DATA UNDER STUDY:
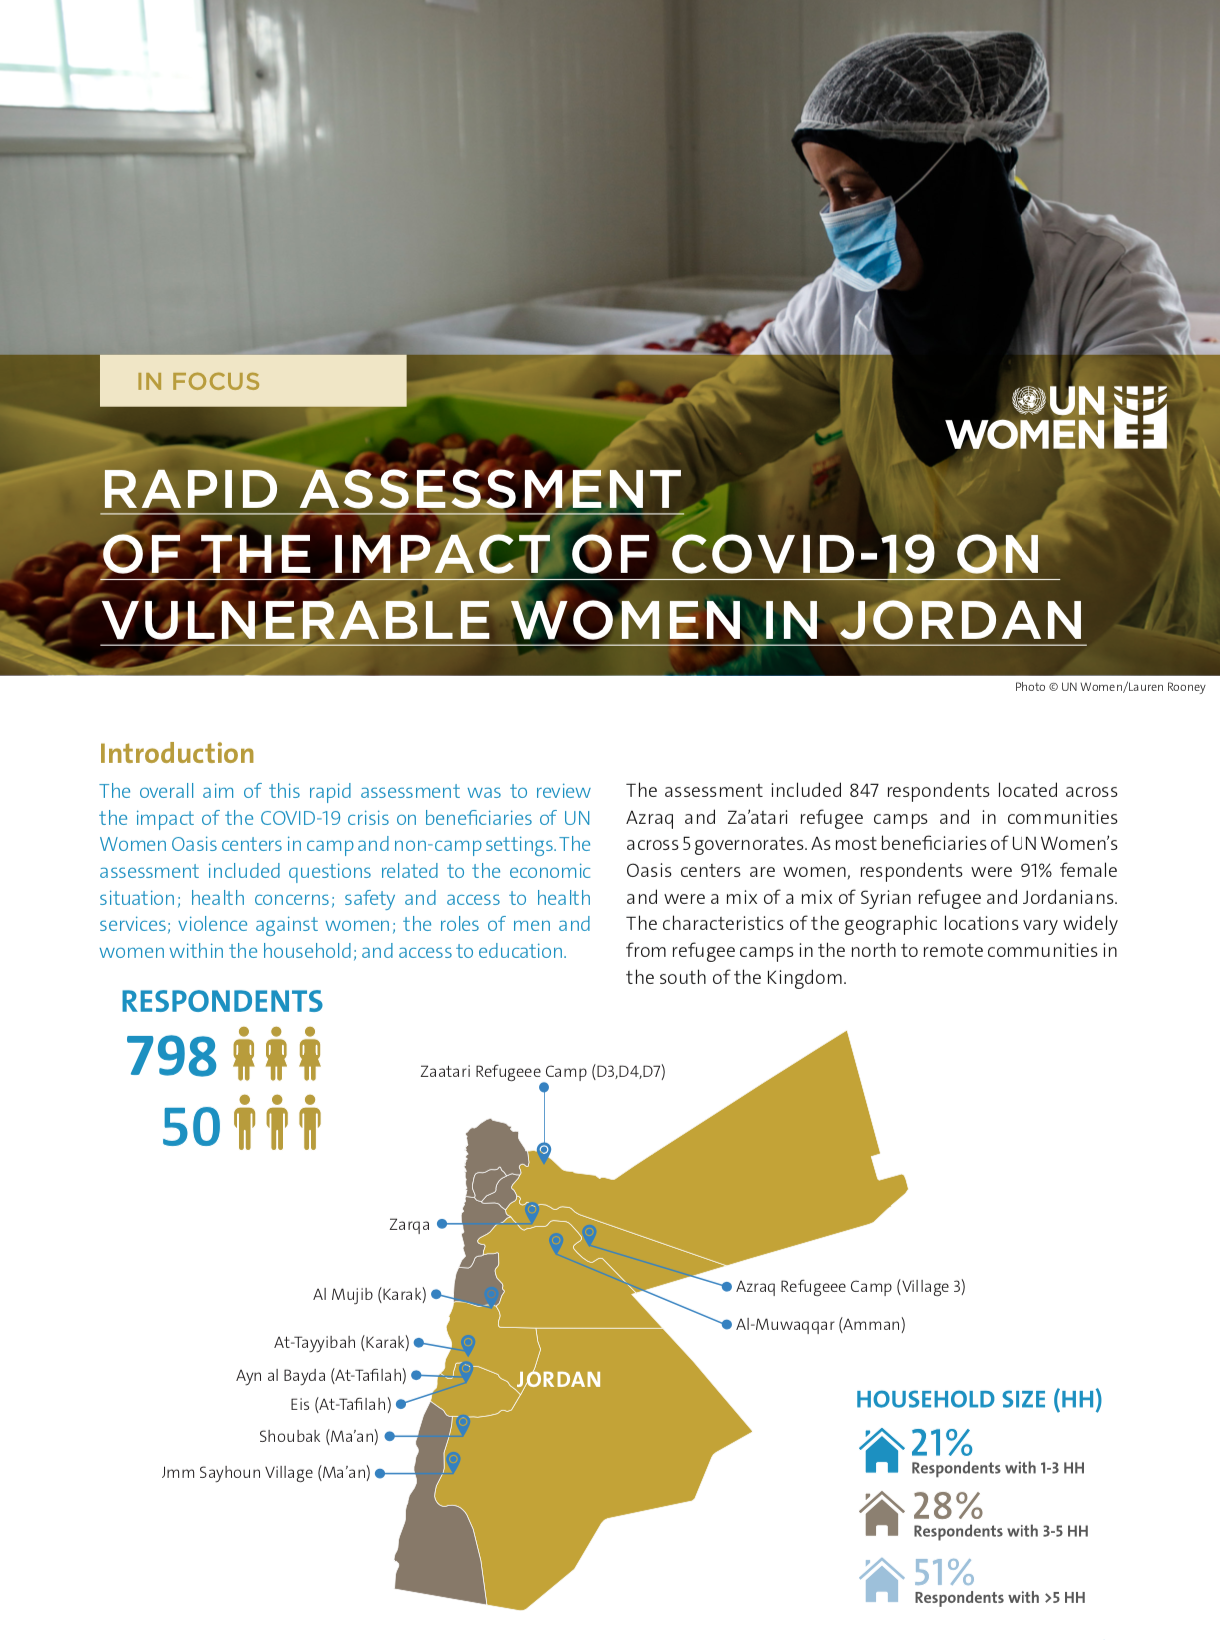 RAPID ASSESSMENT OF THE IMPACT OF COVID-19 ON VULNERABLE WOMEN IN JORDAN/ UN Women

* * *

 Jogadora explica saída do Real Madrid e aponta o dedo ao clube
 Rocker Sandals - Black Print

WHAT YOU NEED TO DO:
Using the entries shown above, reproduce verbatim the lines from the line bearing "Jogadora explica saída" to the line bearing "Rocker Sandals - Black Print", inclusive.

WRITTEN RESPONSE:
 Jogadora explica saída do Real Madrid e aponta o dedo ao clube
 Rocker Sandals - Black Print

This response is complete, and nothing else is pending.